What a Letter to the Editor Is (and Why It Still Works)

A letter to the editor (often called an “LTE”) is a short, focused message submitted to a newspaper or publication, usually reacting to something recently published or a current community issue. Editors publish letters because they bring real community voices into the public record and signal that readers are participants, not spectators.
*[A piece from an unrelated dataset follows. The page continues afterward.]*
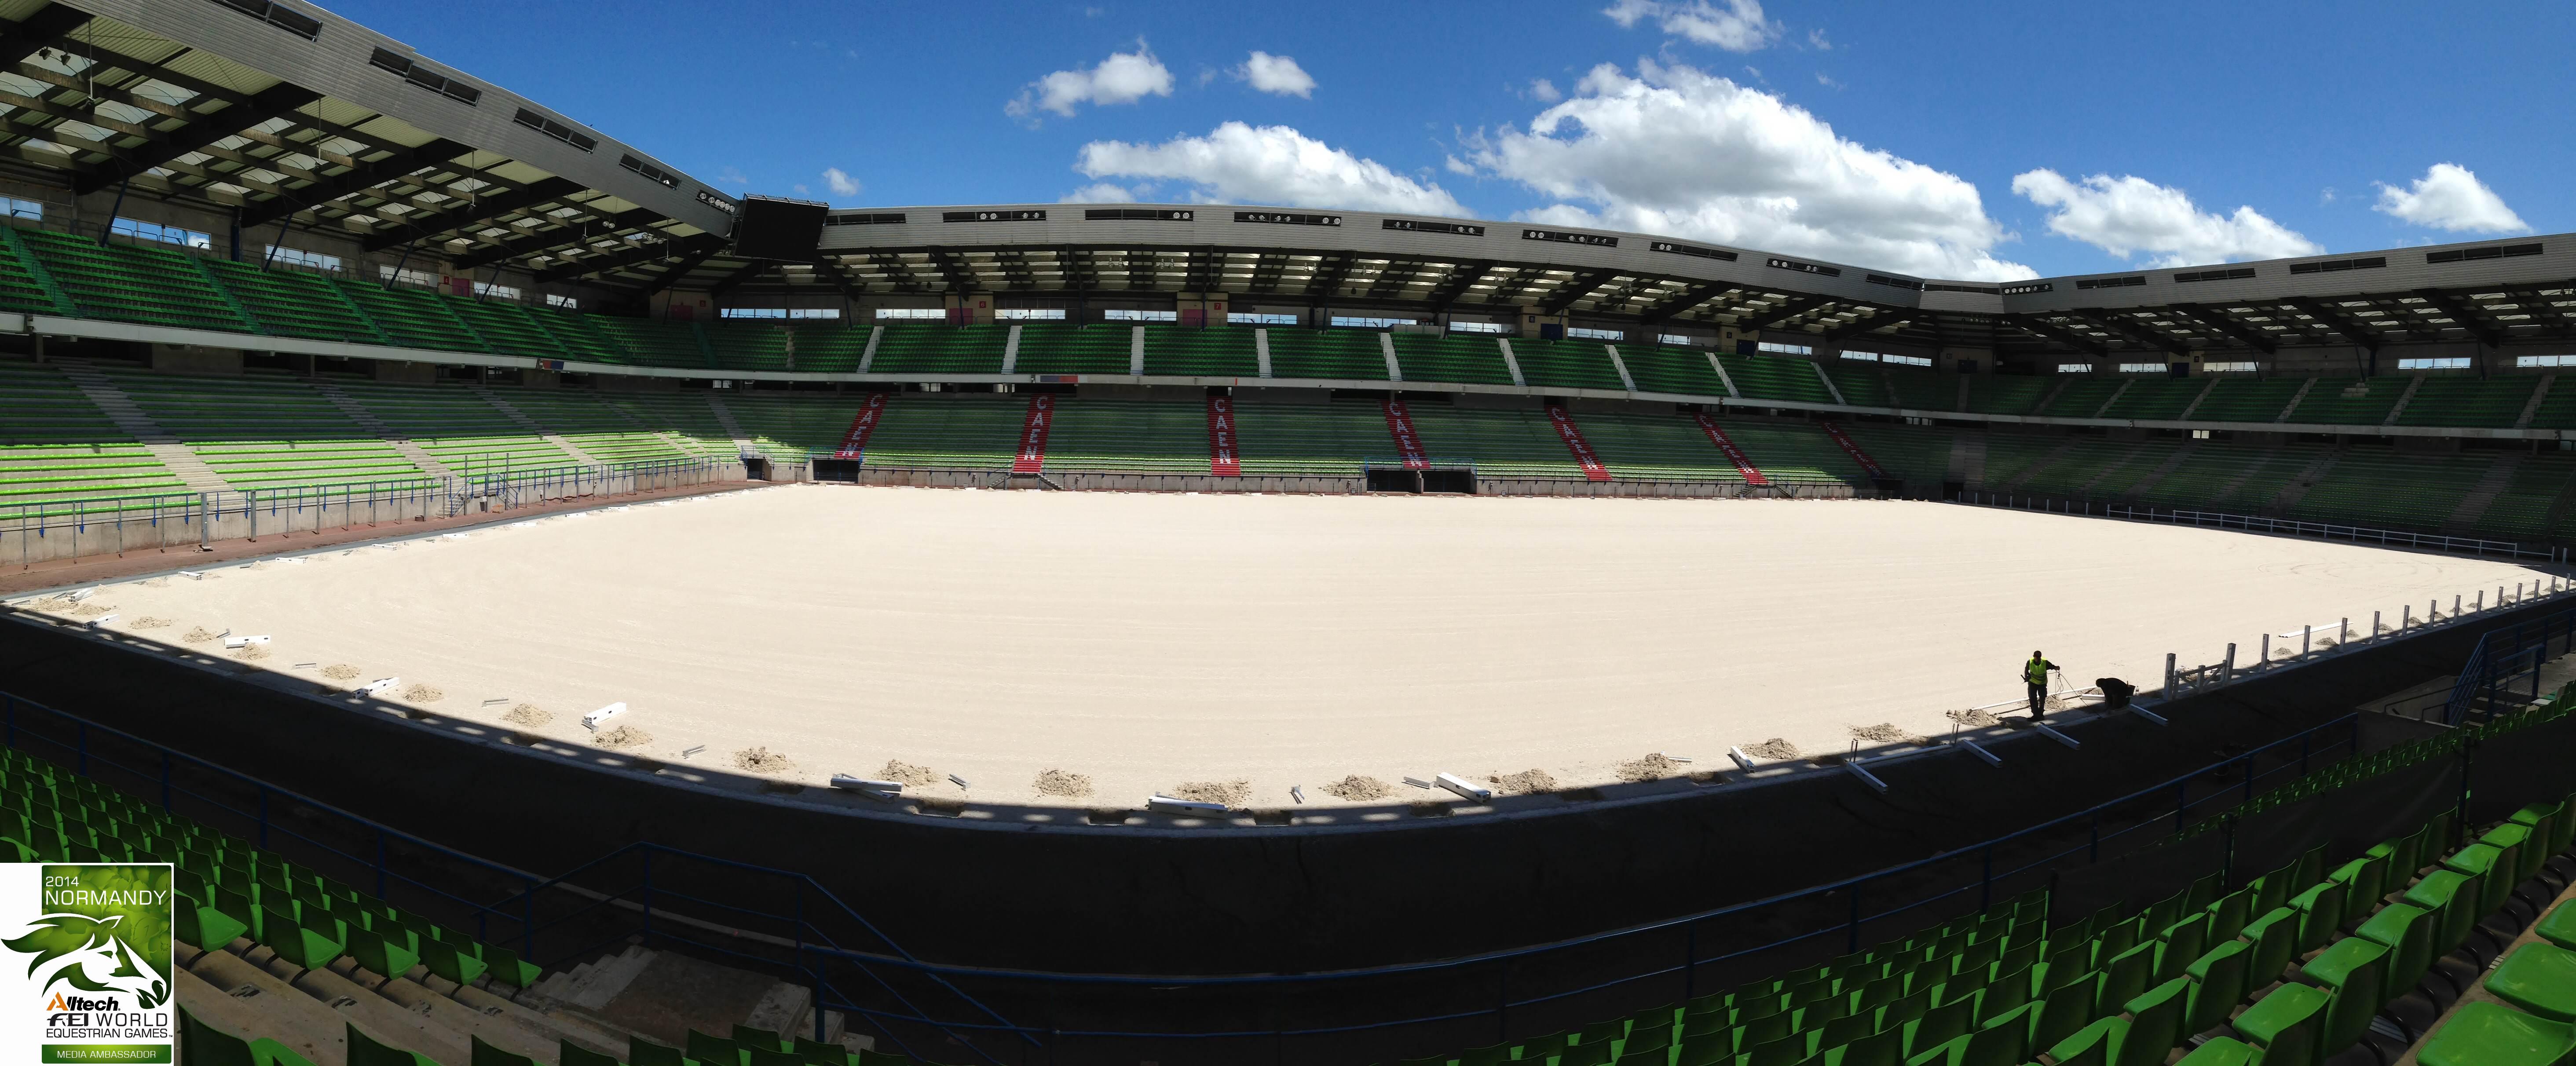 EEF :News :TEST EVENTS FOR THE ALLTECH FEI WORLD EQUESTRIAN GAMES™ 2014 IN NORMANDY

My opinion: If you’re frustrated by a policy, a trend, or a local decision, an LTE can outperform a social post because it reaches people who actually vote, lead, and influence outcomes, and it can be shared and archived.


Start by Reading the Outlet’s Rules (This Is Where Most Letters Lose)

Most rejected letters aren’t “bad.” They’re simply unusable: too long, missing verification details, unclear what they’re responding to, or written in a way that forces heavy editing.

Common rules you’ll see across major outlets:

  • Word limits are real. The Los Angeles Times says letters typically run 150 words or less and may be edited.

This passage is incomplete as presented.